Duly Noted

Duly Noted


“The more that you read, the more things you will know. The more that you learn, the more places you’ll go.”
Dr. Seuss, I Can Read With My Eyes Shut!

“Learning is not child’s play; we cannot learn without pain.”

What would you use to take notes in class?

Could you get that out? A computer is fine… or a notebook? That’s good too. 

Something to write with?

OK then, can you see the screen? Just take notes naturally—as you would if you were in class. 

This is from the middle of a lecture given in 2012 by my Comparative Literature professor Avital Ronell.
It’s only 15 minutes long, and she’s talking about literature and drugs. All right, let’s start.

*Swipe Right*

19 year old male from California
First year student in Liberal Studies, planning to transfer to the Stern School of Business
Left after 3 minutes; he said he had to do laundry
19 year old female from Hawaii
In the Liberal Studies Core Program
"I hate this"
"This is stupid, I can't understand half of what she is saying because it's in a different language"
This participant was on her phone for a majority of the lecture clip
19 year old male from California
In the College of Arts and Science for Computer Science
"I guess I'm just used to professors talking like this"
22 year old male from Michigan
In the College of Arts and Science, double majoring in Gender and Sexuality Studies and American Studies within the Social and Cultural Analysis department
"I liked this"
"I think it's about what we consume and what we consider consumption"
18 year old female from Vietnam
In the Tisch School of the Arts for Film/TV
"He's my favorite poet, and she's shit talking him."
19 year old male from Mexico
In the Tisch School of the Arts for Film/TV
"Honestly, I would never take this class"
"If I were getting tested on this I would be taking better notes"
18 year old female from California
In the Liberal Studies Core Program
Participant laughed the whole time
"This is ridiculous. She could have said that in two minutes"
19 year old male from Massachusetts
In the Tisch School of the Arts for Film/TV
"This is actually how I take notes in class. Can I show you my notebook?"

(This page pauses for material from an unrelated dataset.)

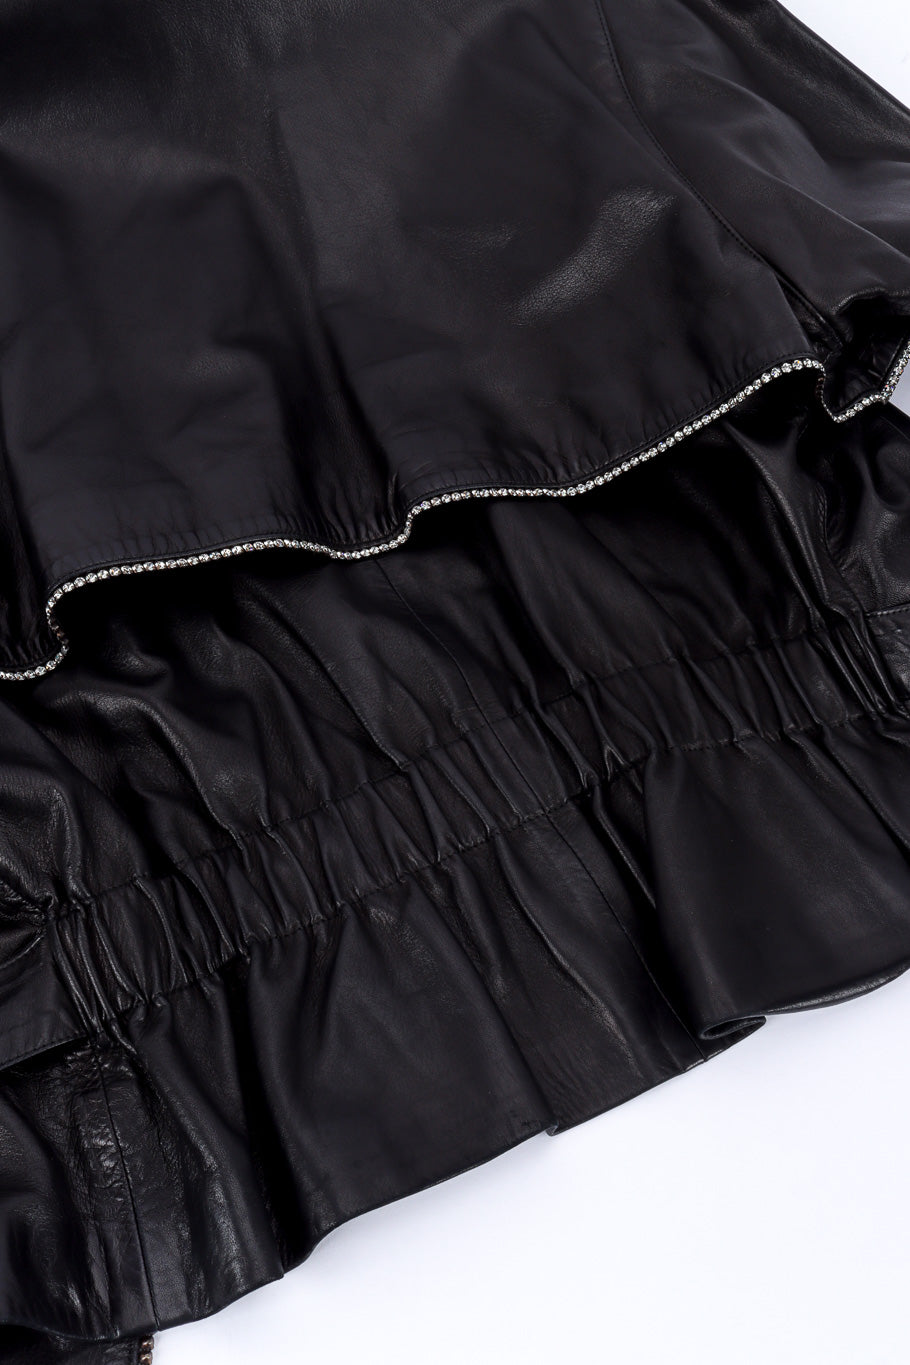 Vintage Charles Jourdan Leather Rhinestone Jacket elastic waist @recessla

Using a public internet video, paper, graphite and iPhone photography, the artist (curator?) attempted to examine the ingestion of information and isolate the process of note taking. People are constantly bombarded with stimuli and our brain is able to unconsciously sift out the useless stuff (the feel of our shirt against our skin, the conversation happening three tables over) while letting the necessary information spill through (the feel of the hot burner under our hand, the boss mumbling our name across the room). This project looks to highlight the ways in which people consciously sift through information given to them, in a controlled manner, and look at the factors that affect this sifting process. Each student knew there wasn’t actually going to be a quiz on the lecture, but they all still wrote things down—on paper too. Having to decide which words and phrases are important to write down and which ones you can just ignore can be an incredibly daunting task. As you can see, some phrases appear in all the notes, while others appear only once or not at all. Similarly, major, gender and background seem to affect the notes but in a way that prevents any clear patterns from being drawn. It is true that the sample was small, convenience to say the least, but they still prove a point: you never know who is going to be the best note taker. Questions that arise from the findings of this semi-observational, mostly informal, experiment include “Why did all the students use paper to write?” “Why did certain things stand out to certain participants?” “If some participants had such an aggressive reaction to this clip of a lecture, would it be completely insane and sadistic to recommend a Comp Lit class to them?” “Would any of them be able to survive the three hour lecture?”